I write a list into a csv file using unicodecsv module, encoding it by "utf-8", but when I try to read it using unicodecsv.reader, I still get the error:UnicodeDecodeError: 'utf8' codec can't decode byte.... I can read it in by csv.reader. Is there something that I am missing?

My codes are like this:

    with open(datapath + filename, 'wb') as csvfile:
        writer_to_csv = unicodecsv.writer(csvfile, encoding = "utf-8")
        writer_to_csv.writerows(data)

When I try to read it:

   with open(datapath + filename, 'rb') as csvfile:
        file_to_list = unicodecsv.reader(csvfile, encoding = "utf-8")

I got the error message.

Zhen Sun
  • 817
  • 3
  • 13
  • 20
  • What does `data` look like? – Simeon Visser Nov 27 '14 at 23:22
  • Does this help: http://stackoverflow.com/questions/21479589/unicodecsv-reader-from-unicode-string-not-working ? – Simeon Visser Nov 27 '14 at 23:28
  • @SimeonVisser, thanks.

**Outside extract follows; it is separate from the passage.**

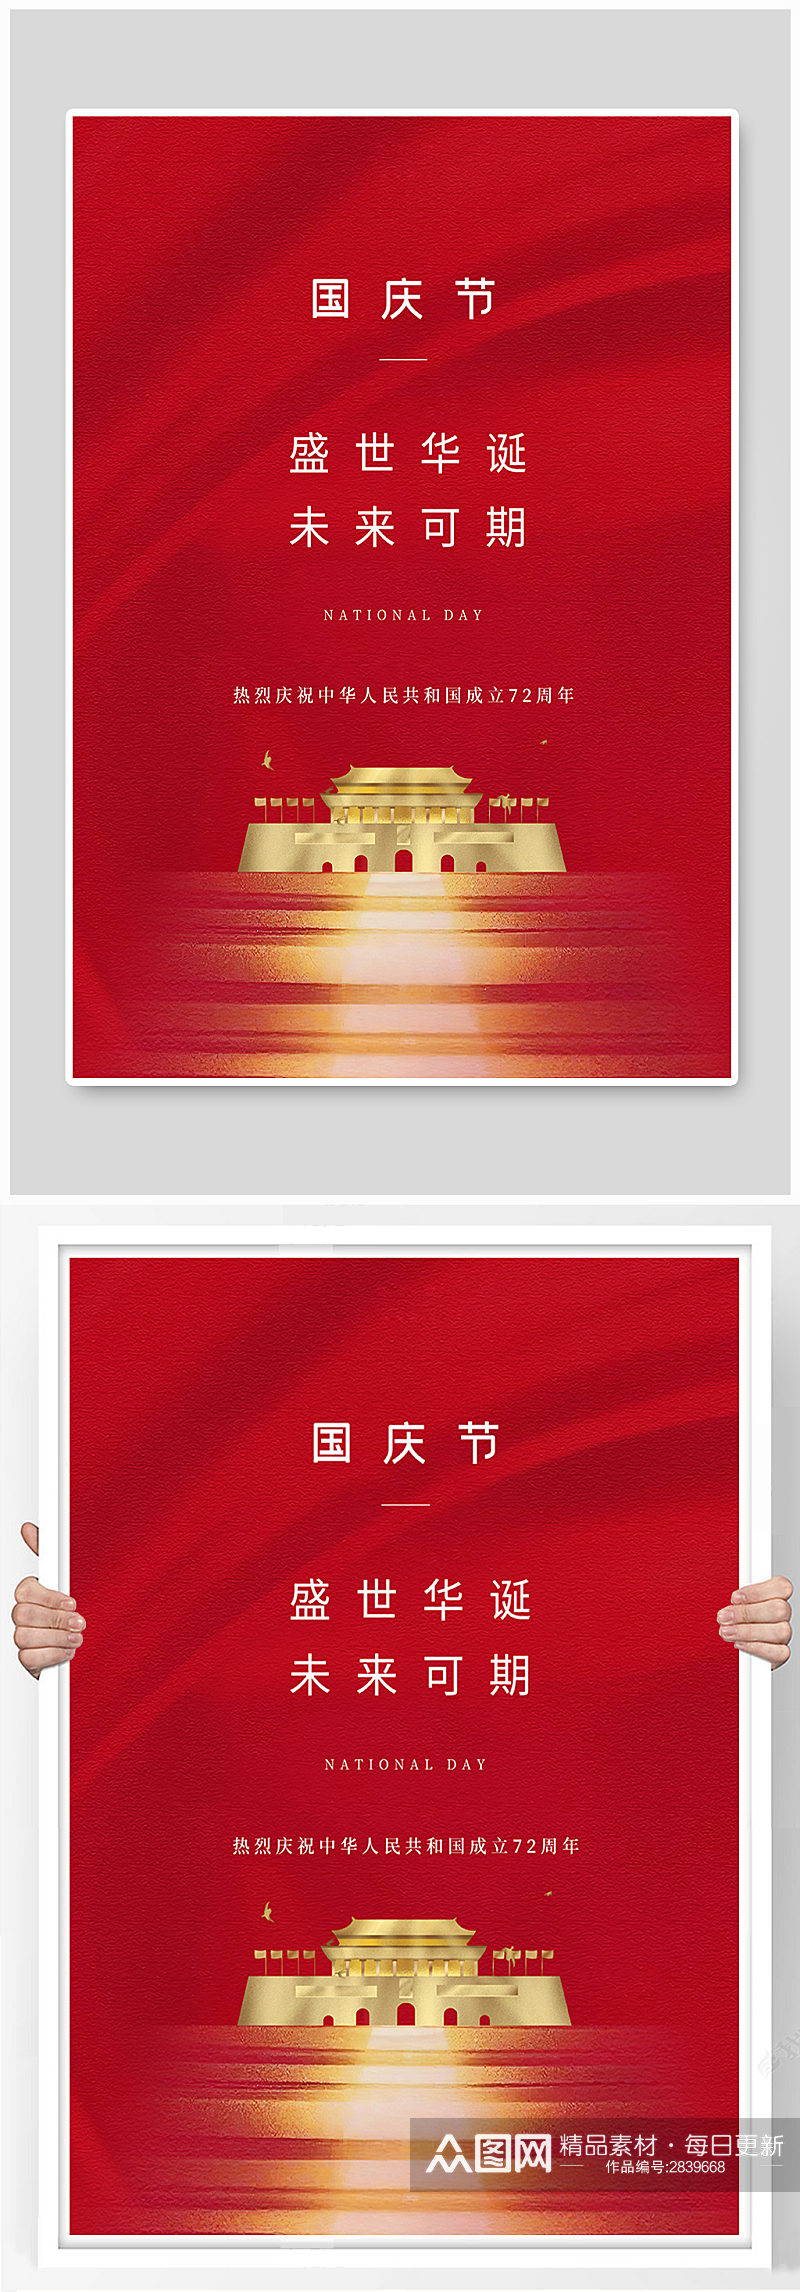 国庆节天安门红色创意简洁海报素材
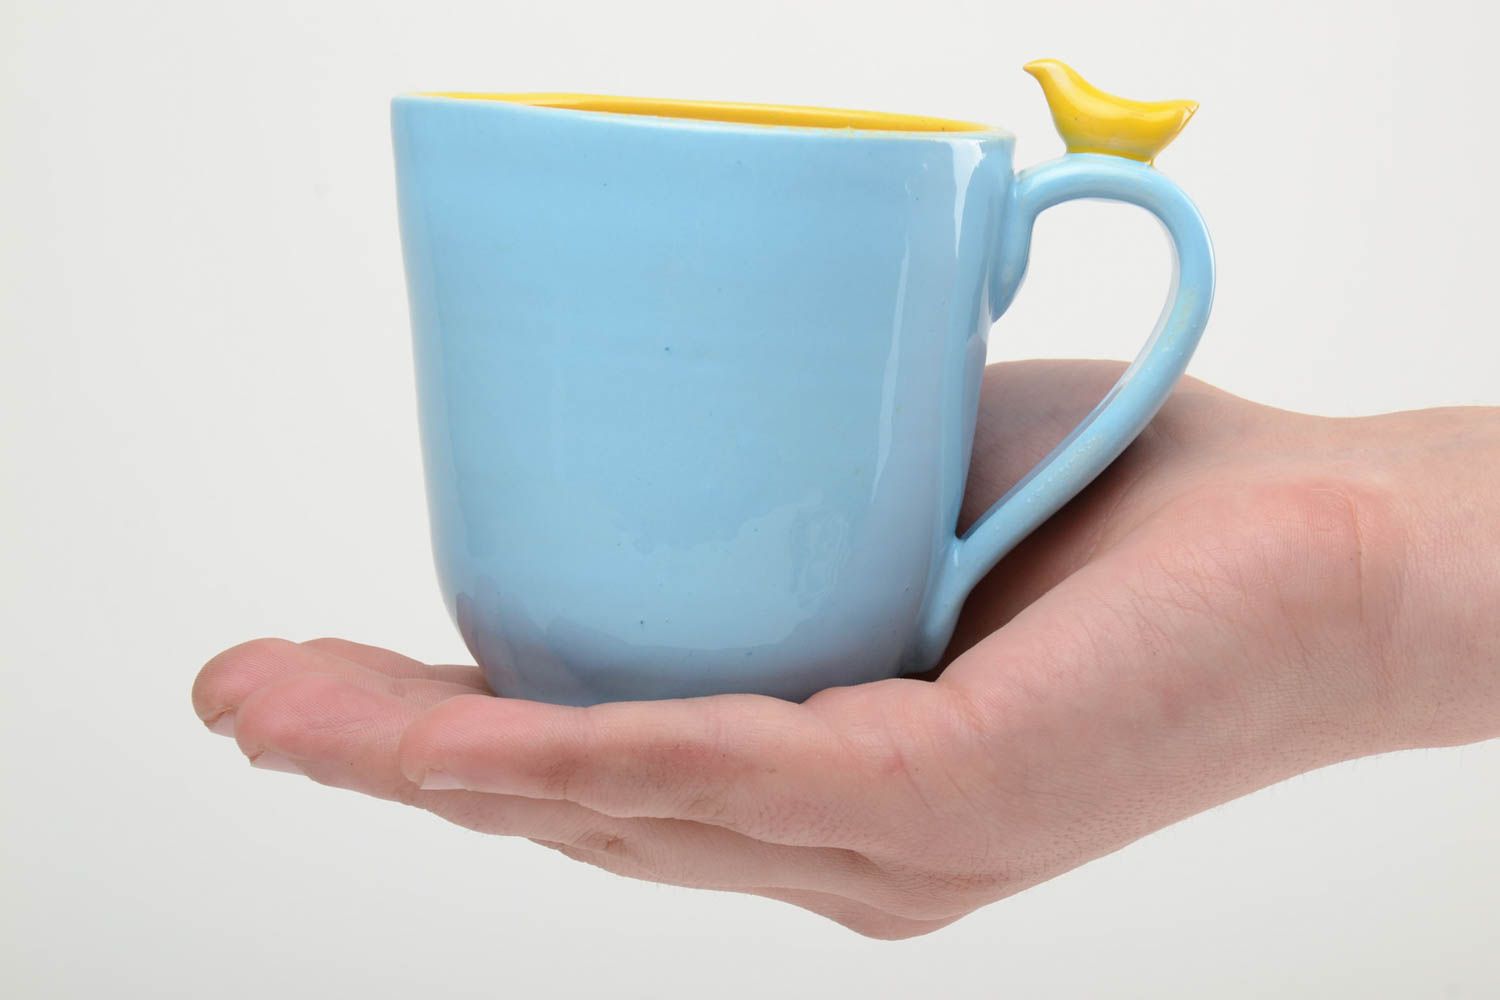 Глиняная чашка ручной работы расписанная глазурью и эмалью 400 мл желто-голубая фото 5

I saw that answer, but I already encoded the data in ``utf8``, that's why I don't understand the problem. Moreover, if I use csv.reader in the second part, it works with no problem. Is there anything special about ``unicodecsv`` that I am missing here? The data are parsed from a large xml file, just for your information. – Zhen Sun Nov 27 '14 at 23:31
  • 1
    If it can't read the file as UTF-8 then perhaps it isn't written properly as UTF-8. So although you get the error when reading the real error may happen when writing. So that's why I'm thinking you may be writing `data` incorrectly and it doesn't have the type/format that `writer_to_csv.writerows` expects. – Simeon Visser Nov 27 '14 at 23:47
  • @SimeonVisser, I think you are right. I can use encoding = "ISO 8859-1" to read the data. So I cannot really forcefully to write the data as "utf8" encoded? – Zhen Sun Nov 27 '14 at 23:54
  • 1
    If the data is currently encoded in ISO 8859-1 then you'll need to decode it to Unicode first and then encode the data to UTF-8 when passing it to write. However, I'm not sure whether that is possible so you may need to use ISO 8859-1 for both writing and reading. – Simeon Visser Nov 28 '14 at 00:14

0 Answers0